_WORK TO BE COMPLETED_
Print word for word whatever lies between the first line of the material and the line holding "An 18th century", both included, and omit all pictures.
+++ PROVIDED MATERIAL
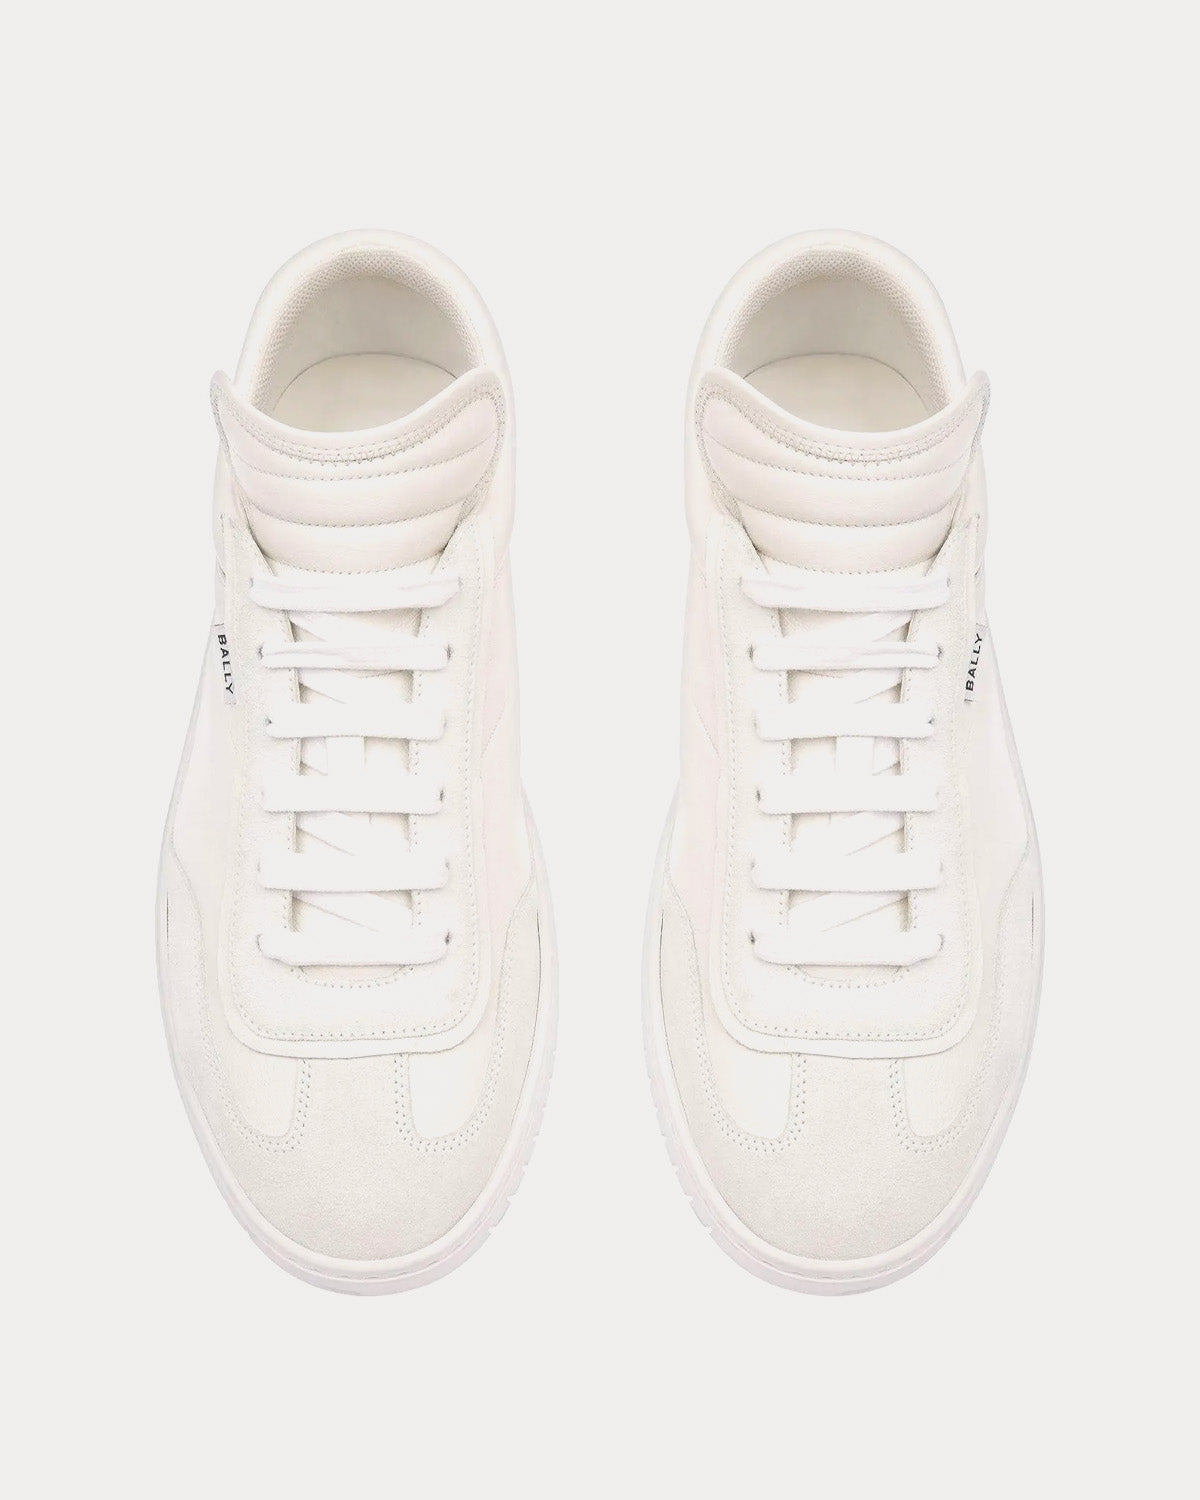 Bally - Player Leather & Suede White Low Top Sneakers
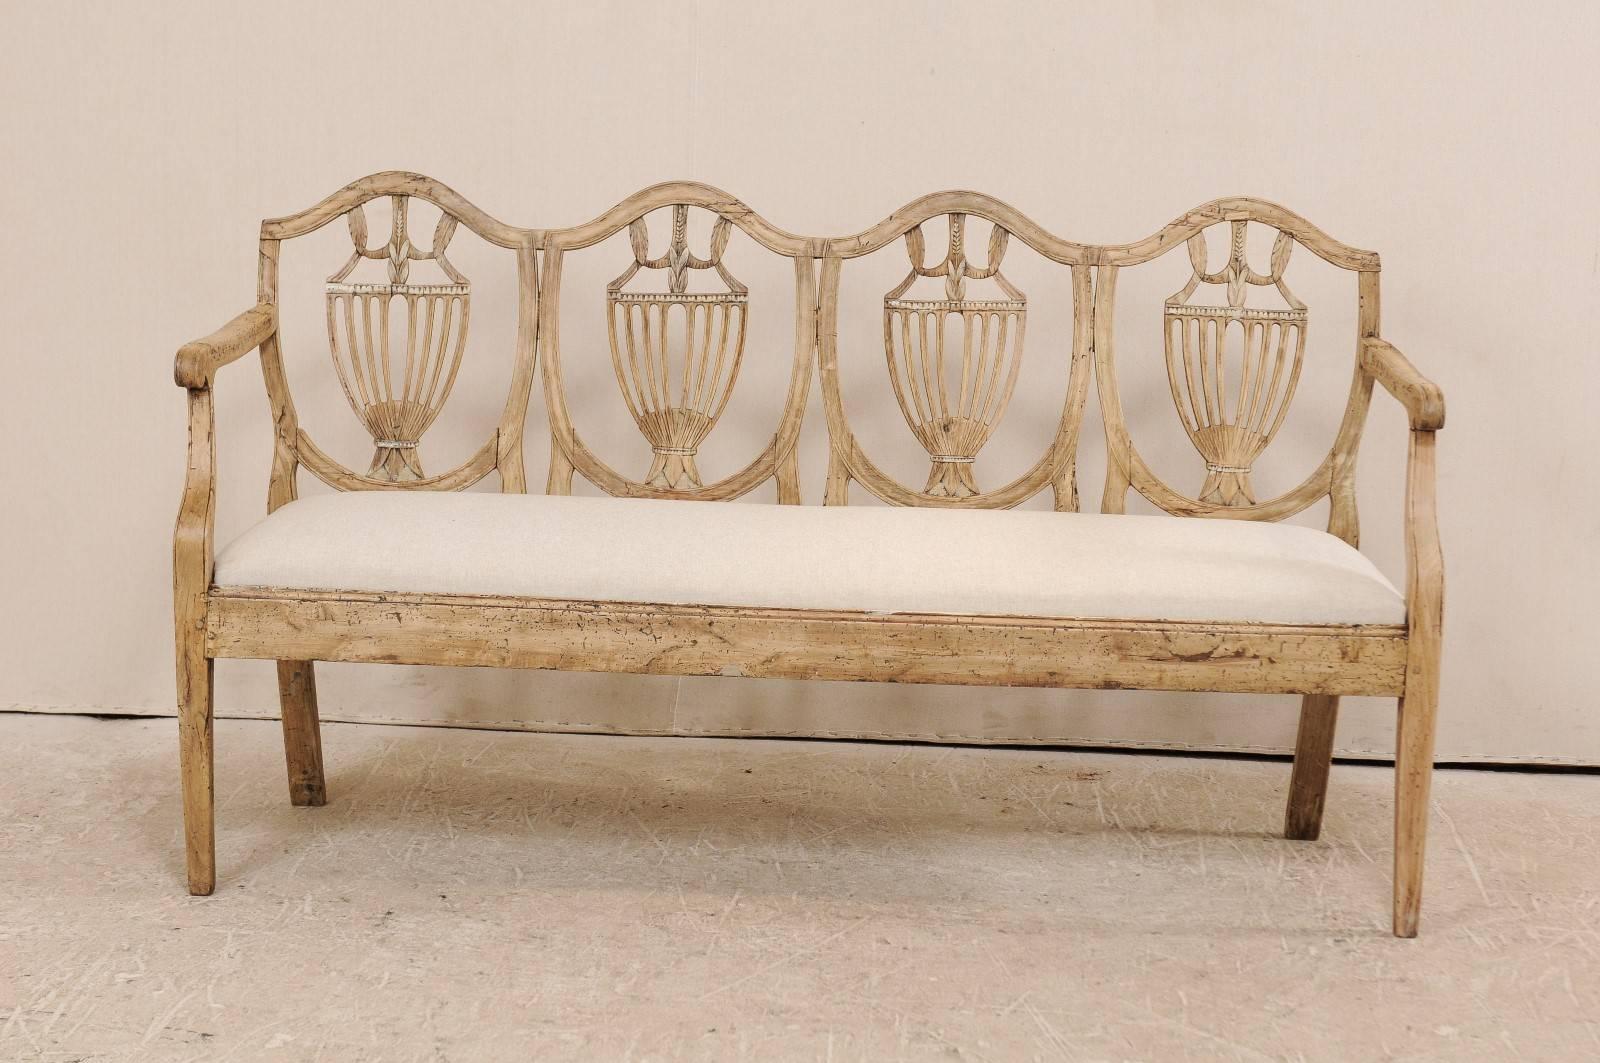 An 18th century Italian carved wood sofa bench. This antique Italian four-seat settee features a exquisitely carved pierced splat backs with a fluid top rail that rises and falls, giving definition to each seat. The sofa has a plain skirt, carved
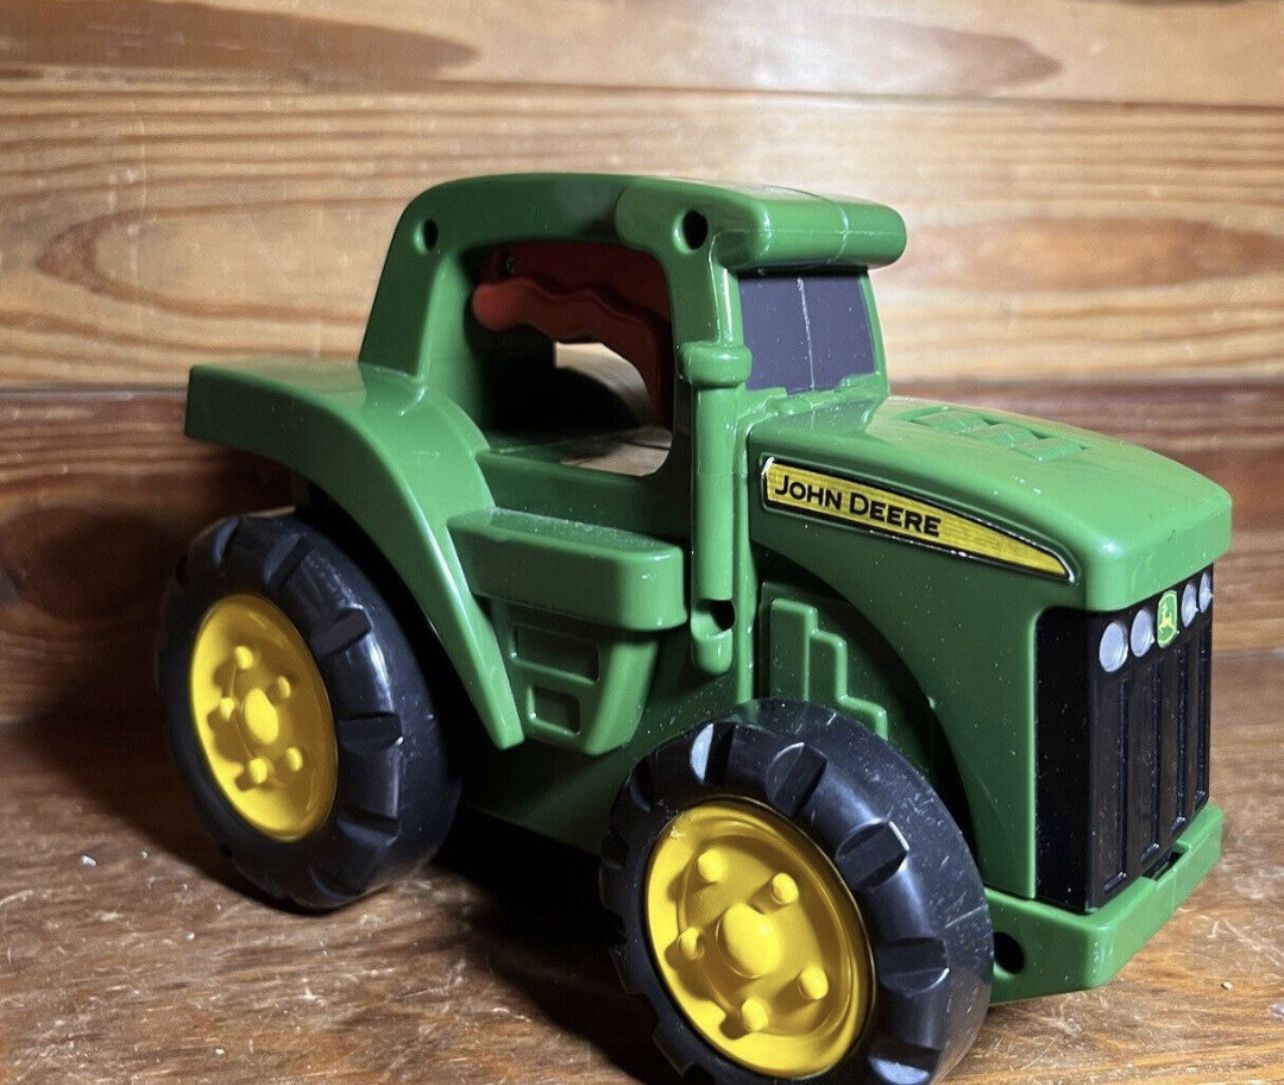 John Deere Roll & Go Tractor Rolling Wheels Flashlight with Engine Sounds Light
++++++
_COMPLETED EXERCISE_
 Bally - Player Leather & Suede White Low Top Sneakers
 An 18th century Italian carved wood sofa bench. This antique Italian four-seat settee features a exquisitely carved pierced splat backs with a fluid top rail that rises and falls, giving definition to each seat. The sofa has a plain skirt, carved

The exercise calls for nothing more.